I made these on Christmas Eve with chicken and basil instead of rosemary. They were awesome. I ran out of crescent rolls so I used puffed pastry for the remaining chicken mixture and turned out great with the puff pastry. My brother gave me a recipe similar to this but he pressed one can of rolls together to make one sheet. Lay onto a cookie sheet; instead of chicken he used sausage , chives flavored cream cheese and topped it with another can of crescent rolls pressed together. Bake and cut into squares. Very tasty.

Meg on 12.26.2010

I just made these tonight for Christmas appetizer and they turned out really good! There were only five of us so I only made 8 of these. They were sooo good freshly made out of the oven.

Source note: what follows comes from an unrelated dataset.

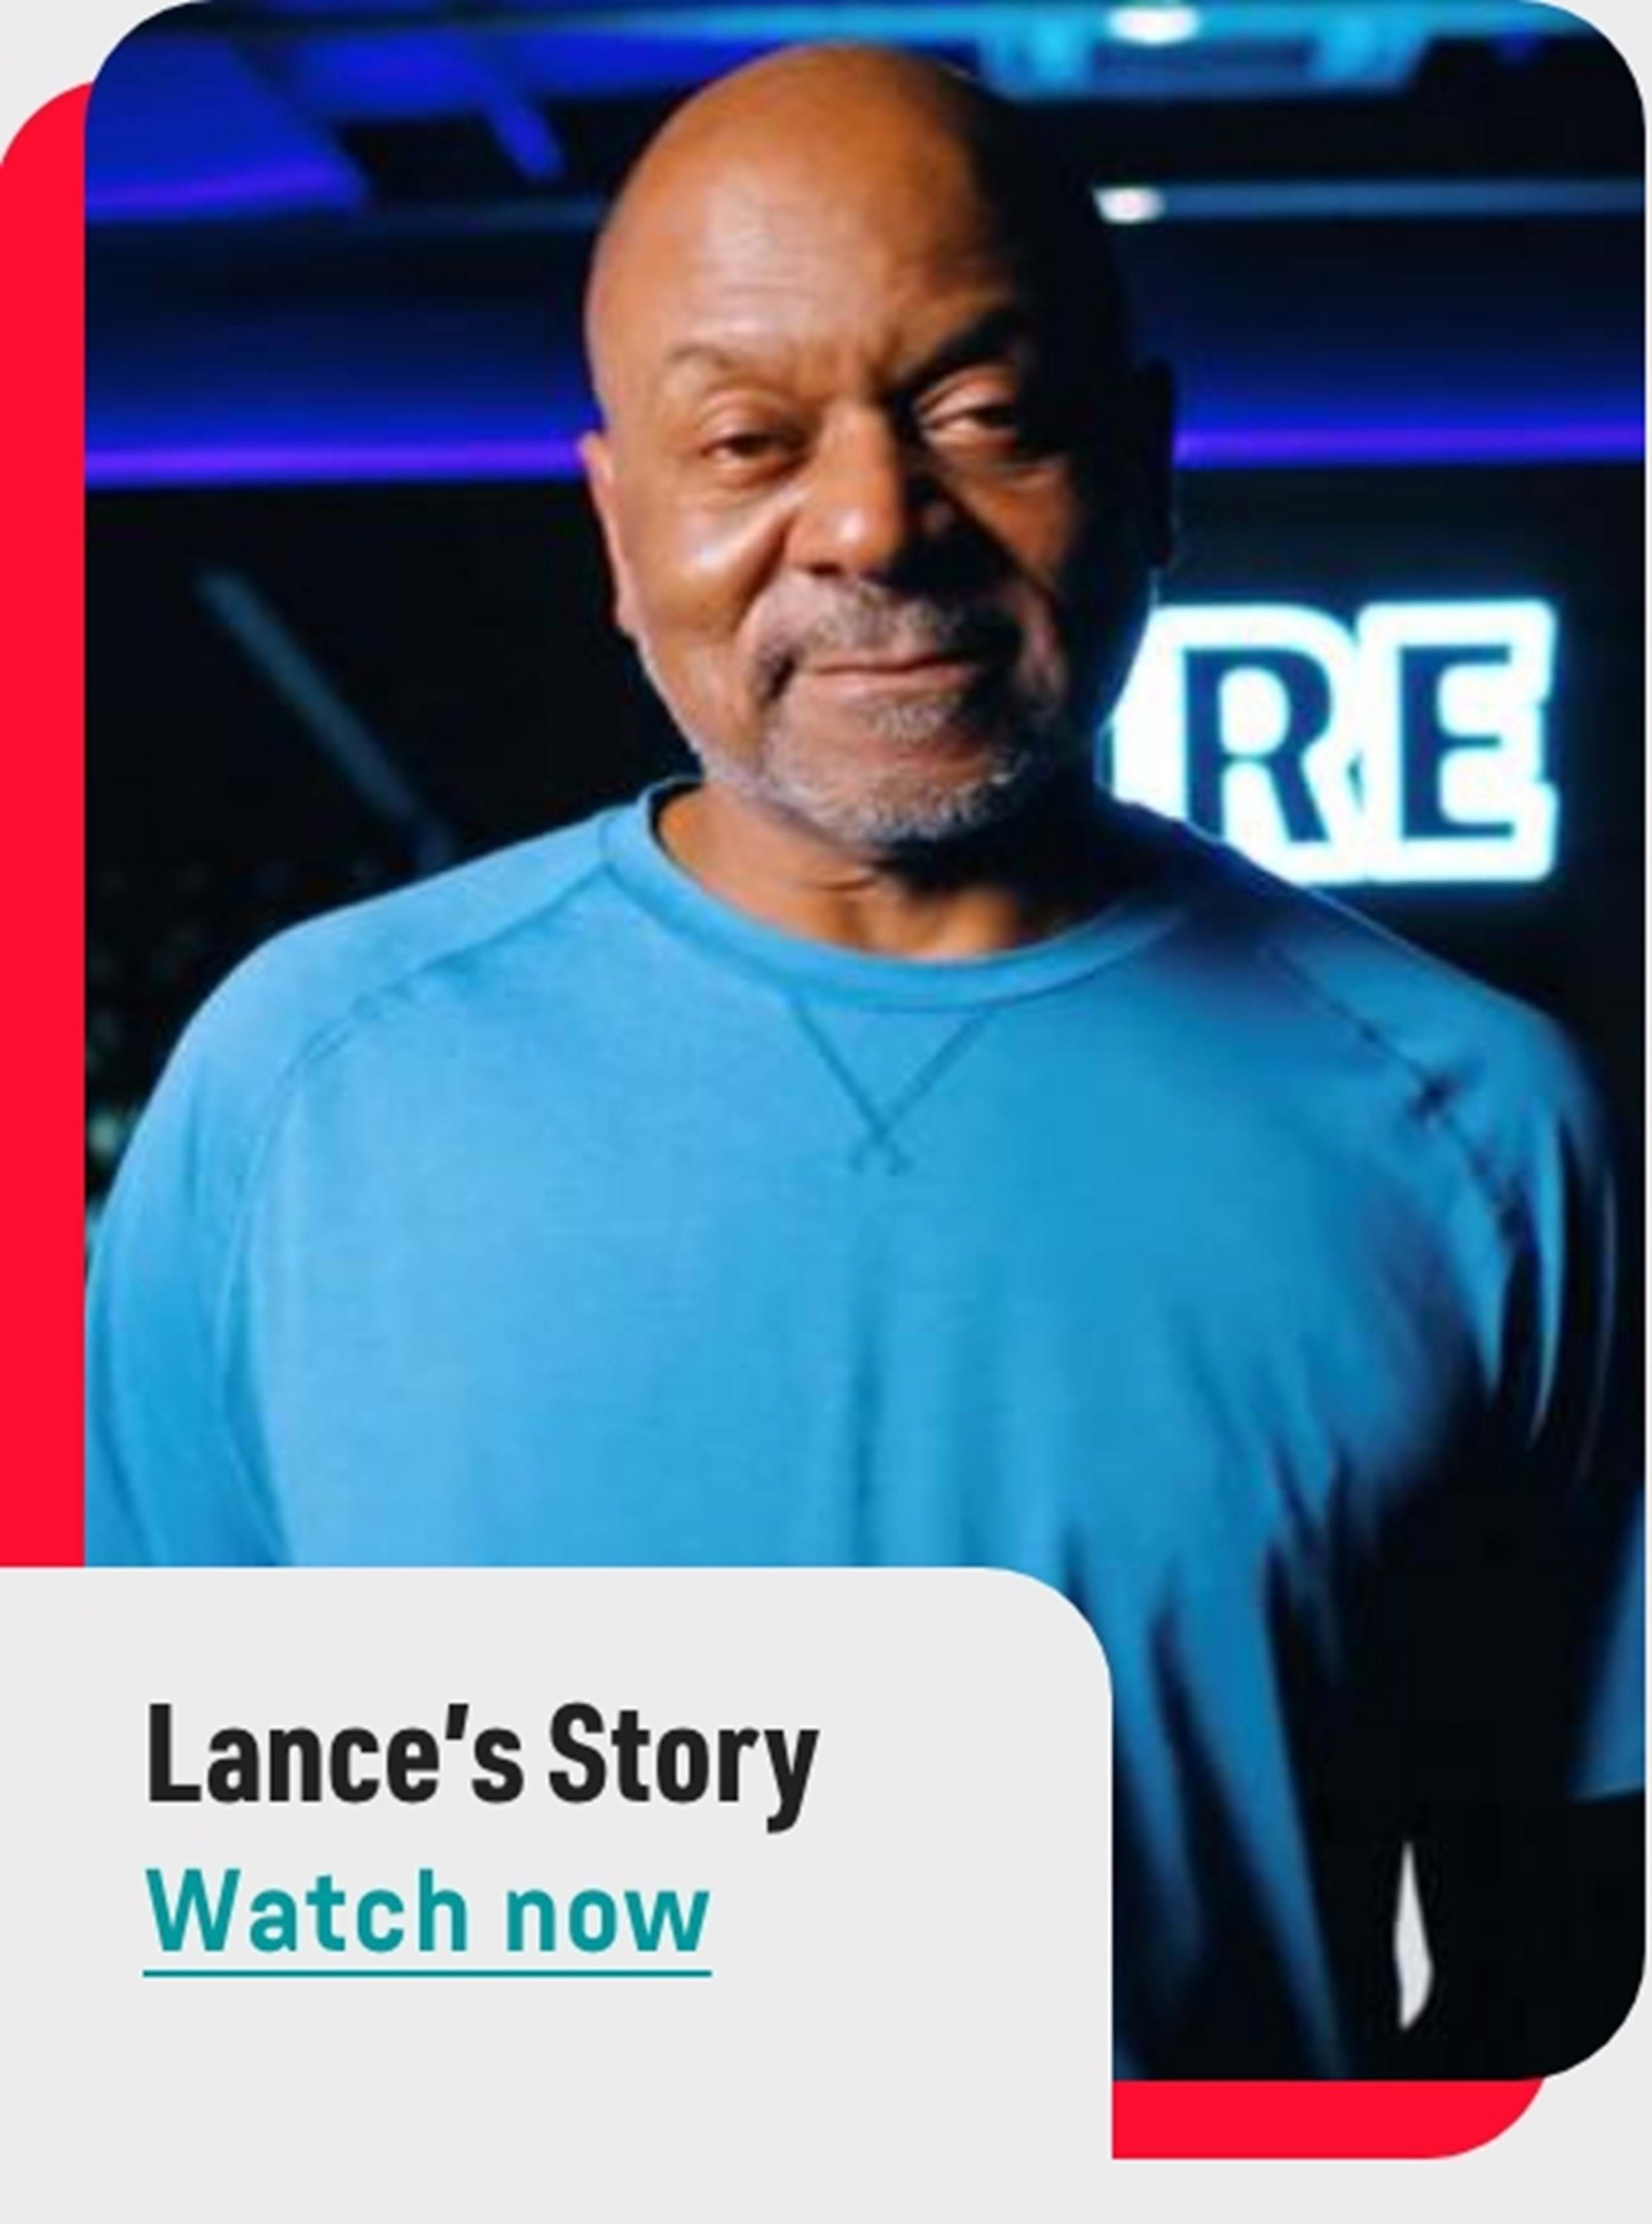 Lance's story

I had alot of chicken mix left over after making my batch so I am going to make some chicken salad sandwich tomorrow with these!
Thanks for the recipe!

Maureen Johns on 12.25.2010

I’ve been making something similar to this for years and call it “Chicken Crescent Bundles” – made with cooked diced chicken. It’s a huge family favorite!

Jane on 12.22.2010

Yum! Yum! Gotta make these…

Joycelyn on 12.22.2010

Just made these! They are fabulous! I used chicken and left out the rosemary. My husband and I can’t wait to try different variations! He’s already planning “chili” pockets for the deer lease! Thanks for sharing a great recipe!